Branch-Site Model Testing

The branch-site model analysis yielded 17 genes under positive selection (supplementary table 1, Supplementary Material online). Interestingly, the protein ATP1A1 was identified with high statistical support (P < 0.0005) for crocodile. ATP1A1 encodes an alpha-1 subunit for the cation transporter ATPase which is responsible for maintaining the electrochemical gradients across plasma membranes. As primarily marine inhabitants, crocodiles depend on effective osmoregulation to maintain ionic homeostasis. Crocodiles are unique compared with alligators as they have lingual salt glands to assist in excreting excess sodium and chloride (Cramp et al. 2008). The necessity for efficient salt excretion could explain why ATP1A1 gene exhibited a strong signal of positive selection under the branch-site model of PAML.

We overlapped the findings of the three selection approaches applied in this study. Although the overlap of all three approaches did not find commonalities, the overlap of the branch length estimation approach and the site selection approach resulted in 16 single-copy orthologous genes.

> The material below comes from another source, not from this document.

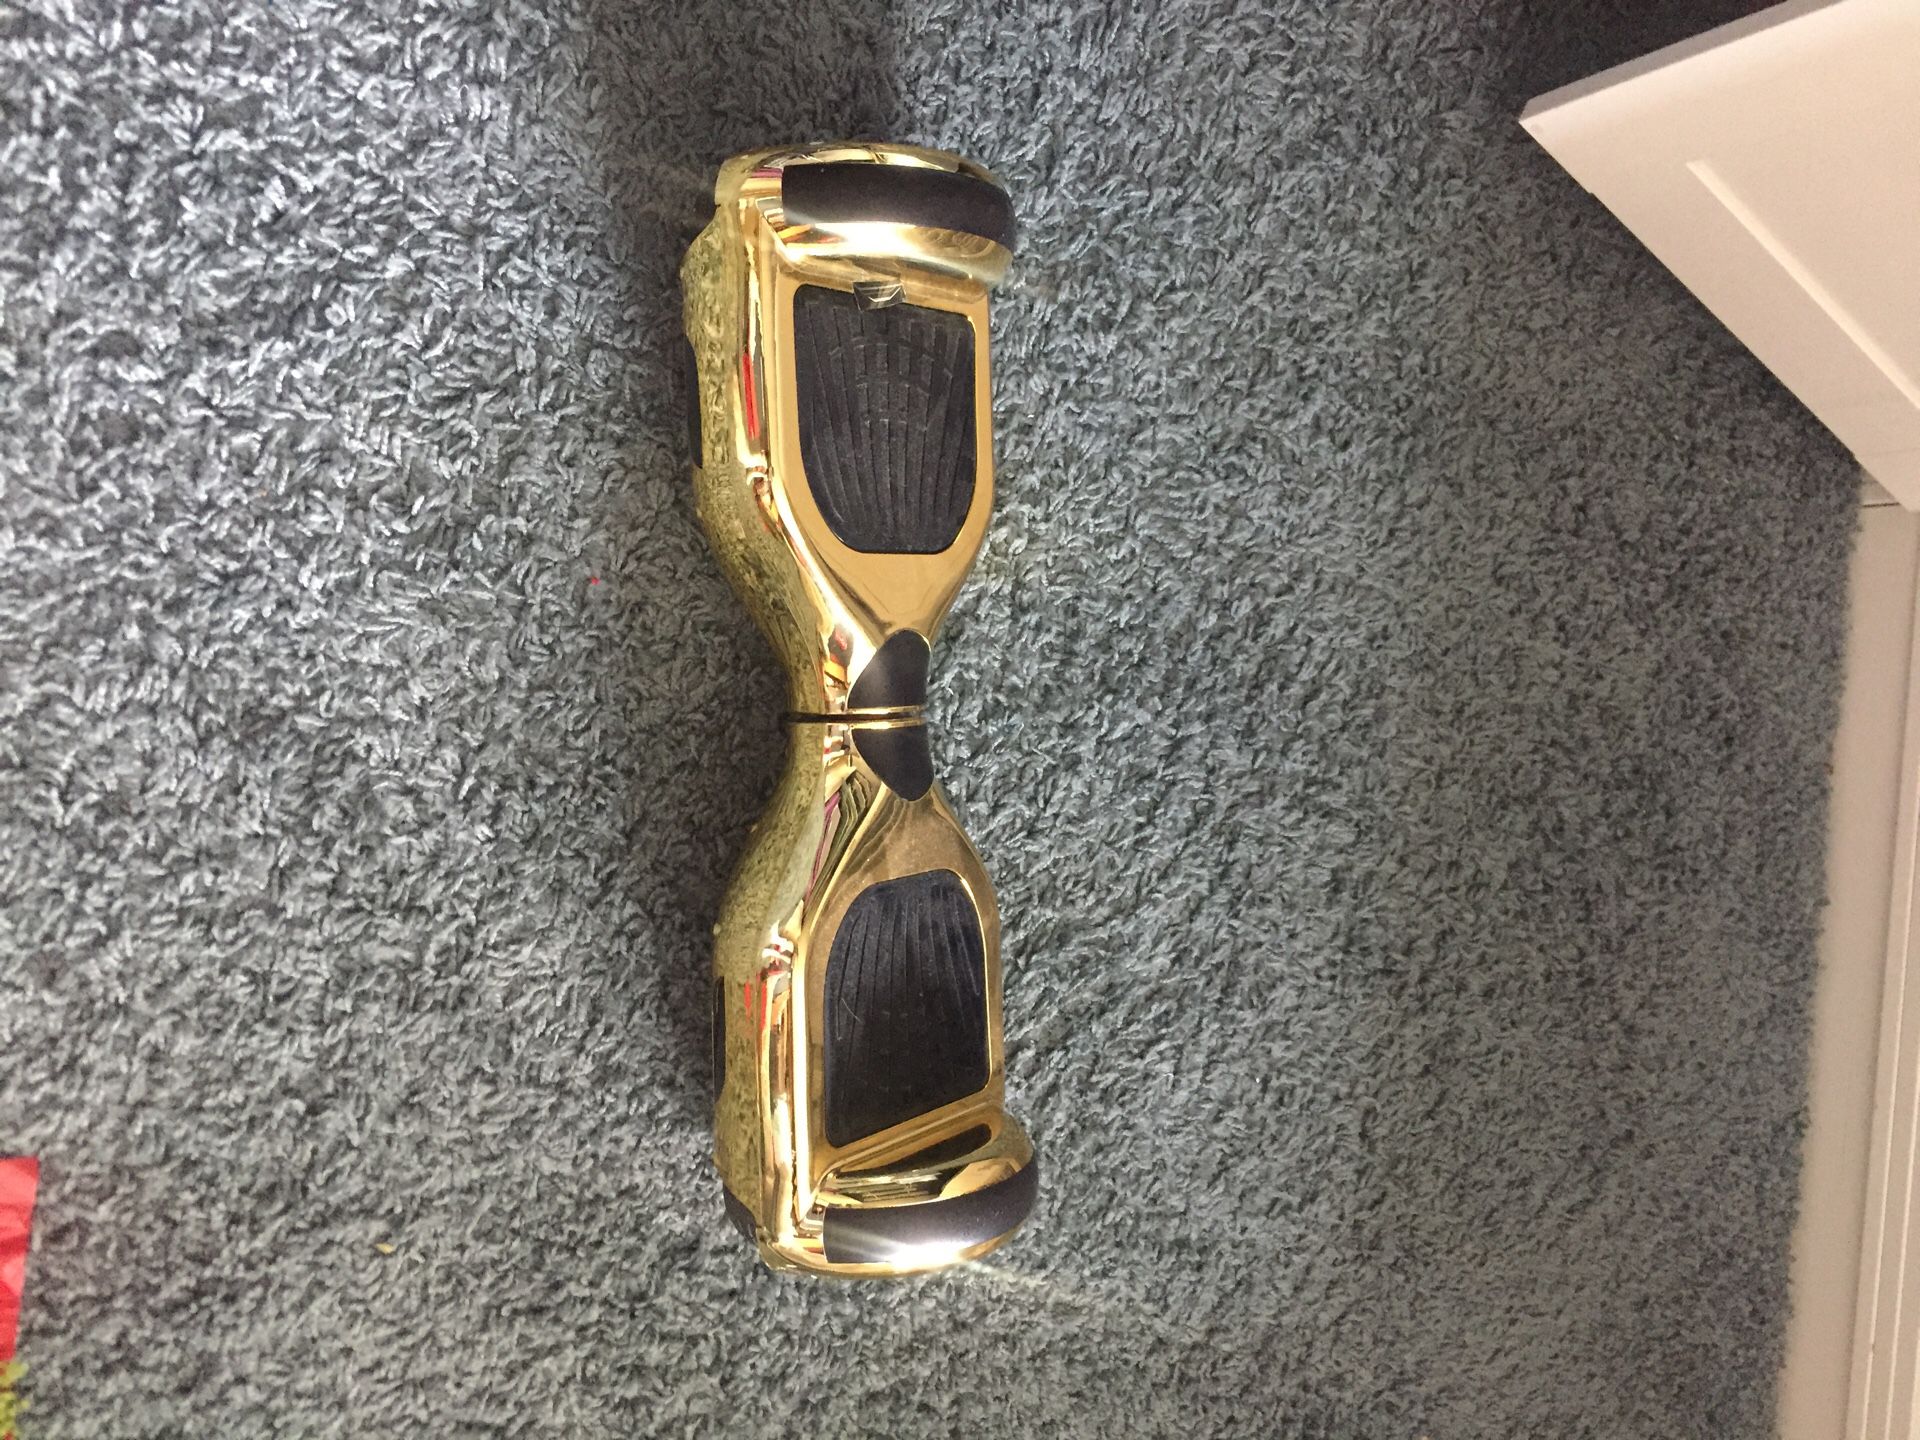 Hover heart GOLD Bluetooth hoverboard! As is

Ten of the 16 belonged to C. porosus and 6 to A. mississippiensis. The identification of these loci in C. porosus and A. mississippiensis could be starting points to investigate the biological differences associated with the salt-tolerance evolution in each species as well as habitat preferences. For example, C. porosus is known to be seagoing within tropical climates, whereas A. mississippiensis rarely leaves freshwater and has a range that includes temperate to semitropical climates. The details of these 16 genes are represented in table 3.

Table 3.

List of 16 Genes under Potential Selection (and Overlap of Two Selection Tests) in C. porosus and A. mississippiensis

Query Species Abbreviated Annotation
amisp005461 A. mississippiensis CHST7 Carbohydrate sulfotransferase 7
amisp005516 A. mississippiensis HOXC13 Homeobox protein Hox-C13a-like
amisp016775 A. mississippiensis IFT122 Intraflagellar transport protein 122 homolog isoform X1
amisp017613 A. mississippiensis JMJD4-1 jmjC domain-containing protein 4
amisp032461 A. mississippiensis RNF126 E3 ubiquitin-protein ligase RNF126
amisp034033 A. mississippiensis POLDIP3 Polymerase delta-interacting protein 3
cPor_01965-RA C. porosus Zinc finger protein 143
cPor_06982-RA C. porosus GALK1 Galactokinase
cPor_09447-RA C. porosus CTBP2 C-terminal-binding protein 2-like isoform X1; belongs to the d-isomer specific 2-hydroxyacid dehydrogenase family
cPor_11586-RA C. porosus KCNK10 Potassium channel subfamily K member 10; belongs to the two pore domain potassium channel (TC 1.A.1.8) family
cPor_15403-RA C. porosus TLX1-1 T-cell leukemia homeobox protein 1
cPor_15737-RA C. porosus SLC25A17 Peroxisomal membrane protein PMP34; belongs to the mitochondrial carrier (TC 2.A.29) family
cPor_15755-RA C. porosus NPTXR Neuronal pentraxin receptor
cPor_18091-RA C. porosus GRAMD2 GRAM domain-containing protein 2
cPor_18867-RA C. porosus HNRNPLL Heterogeneous nuclear ribonucleoprotein L like
cPor_19471-RA C. porosus UBXN2B UBX domain-containing protein 2B

GO-Term Enrichment for Genes and Potential Gene Networking Pathways in C. porosus

For the overlapping 16 genes identified to be under positive selection from both the branch length estimation and site selection models, we identified 61 different GO-enrichment categories. However, only 12 of these 61 categories had P-corrected values <0.05. As expected from independent analysis of the 2 selection methods, some of the common categories among these 12 included genes involved in chondroitin sulfate biosynthesis pathway (later stages), RNA polymerase III transcription initiation, carbohydrate metabolism as well as pore domain potassium channels. In addition, 205 GO terms (also selected based on P-corrected <0.05) were identified in the same analysis. Some of the prominent GO terms in which these 16 genes were enriched included limb development, metabolism, chondroitin sulfotransferase activity, multiple membrane transporter activity proteins, nail development, tongue morphogenesis, and potassium ion leak channel activity. All the above function/categories are of functional significance in members of Crocodylia thus reinforcing the rationale of our gene enrichment analysis. The details of the analyses can be found in supplementary file S10, Supplementary Material online.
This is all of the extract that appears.